Andrew Williams
16th November, 2010
Author Armistead Maupin, 66, is best known for his Tales Of The City novels which started as a column in the San Francisco Chronicle in 1976. He returned to the series after an 18-year break in 2007. The latest book in the series, Mary Ann In Autumn, is out now.
One of your new characters is a female-to-male transsexual. Did you have to do much research?
One of my friends is a transman who was enormously helpful when I was writing the character of Jake. He told me to ask whatever I wanted. I write about what’s going on around me.
Were you surprised by anything he told you?
I got a clearer vision of what it must be like to be someone who was born female but who now wants to be a man loving a man. That’s the situation with my character, Jake. He goes to gay bars looking for male companionship but doesn’t have the one thing a lot of the guys in the bars are looking for. That makes my own romantic quandaries pale by comparison. Gender and sexuality are completely fluid and independent of each other. I’ve been exploring that notion since 1976.
Weren’t your publishers unsure if they wanted to include the character in the last book?
That’s true. I had the same problem with Anna Madrigal, the male-to-female transgendered character, 34 years ago when Tales Of The City was written as a newspaper column. They refused to include the fact she was a transsexual until the column had been in print for at least a year. They thought it was possibly threatening to their readers.
Is it depressing you’re still facing the same issue 30 years on?
Publishers always trying to read the minds of the public. I had an editor and agent tell me I went too far in the last book when I got specific about gay sex. There were probably people who were put off by it but I don’t care. I’ve always tried to keep the story true to my own emotional landscape.
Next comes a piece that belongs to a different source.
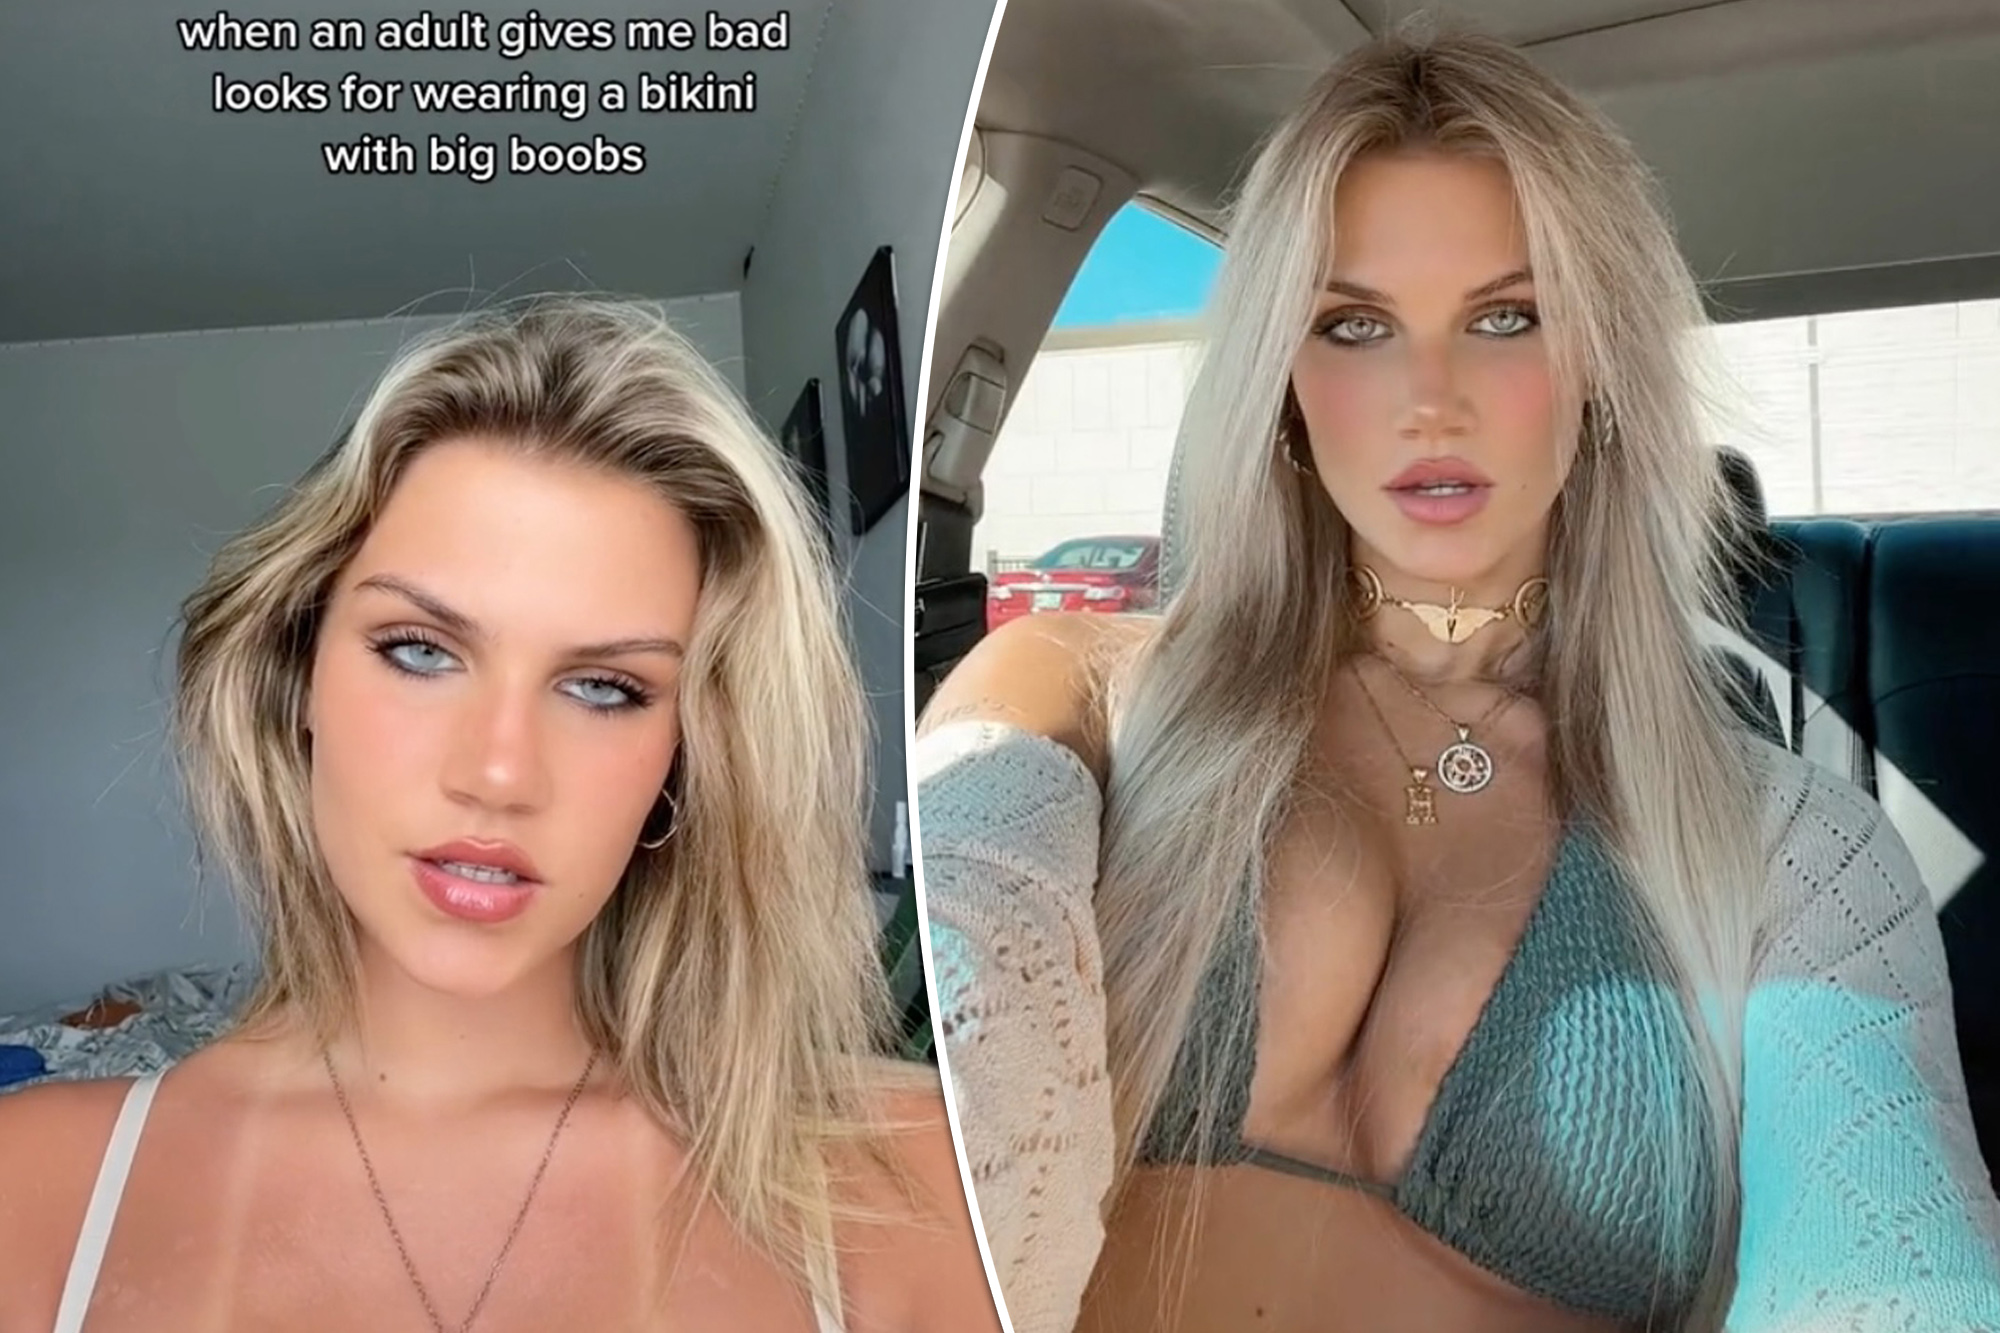 andrea danielle share sister with nice tits photos
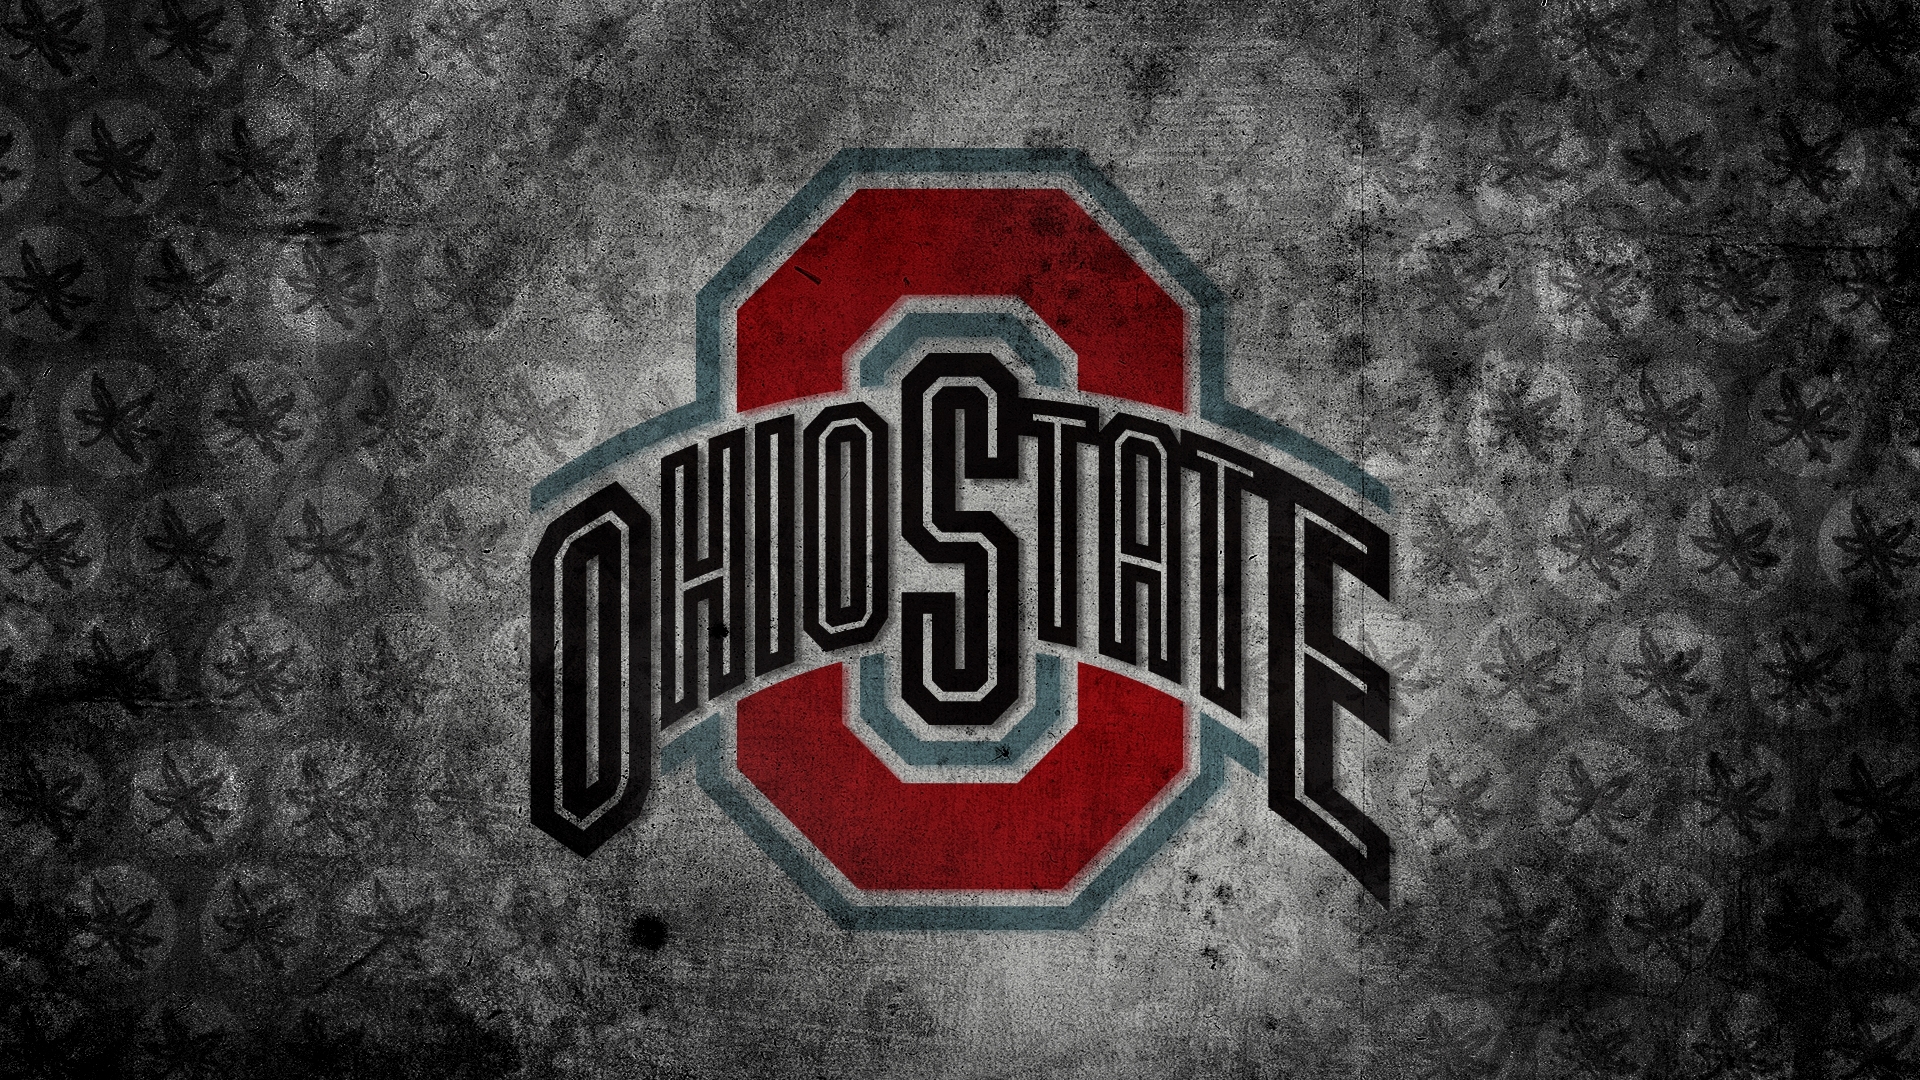 10 Best Ohio State Football Logo Wallpaper FULL HD 1080p For PC Background

Have things got better or worse for the gay community in the US since you started the books?
It’s got both better and worse. People forget 35 years ago the subject of homosexuality was taboo. Now the subject is open and stories about people fighting for their rights are covered in the news. But as a consequence churches and politicians have become organised against it. In some ways they’ve made life more of a torture for gay teenagers today.
Is that what’s behind the recent spate of gay teenage suicides in the US?
Yes, it’s not about stopping bullying in schools it’s about stopping bullying in the pulpits. There’s a YouTube campaign called It Gets Better in which gay adults address gay kids. They’re saying ‘enough is enough’ and they’re supporting young people. Parents who rail against homosexuality in front of their children are, in the cases where those children are gay, committing child abuse. They’re torturing their children over something they can’t change.
Why’s the situation more extreme in the US than it is in Britain?
The fundamentalist sects don’t have a grip on your country the way they do on ours. You wisely threw out your Calvinist witch hunters 400 years ago but they landed in the US and have never gone away.
Do you have any unusual writing habits?
I write and re-write endlessly before I proceed with the next paragraph. Writers’ manuals often tell you to spill it all out and go back and re-write it but I don’t.
How’s the Tales Of The City musical going?
They’ve just done the first presentation and it’s set to open in June 2011. I wasn’t familiar with Jake Shears’s music before he was proposed as composer and he’s done a great job.
What’s been your most extravagant purchase?
I bought a small antique woven Native American basket for my husband for his birthday. The tribe that lives near us in the mountains made it and the dog ate it.
Mary Ann In Autumn published by Doubleday is out now.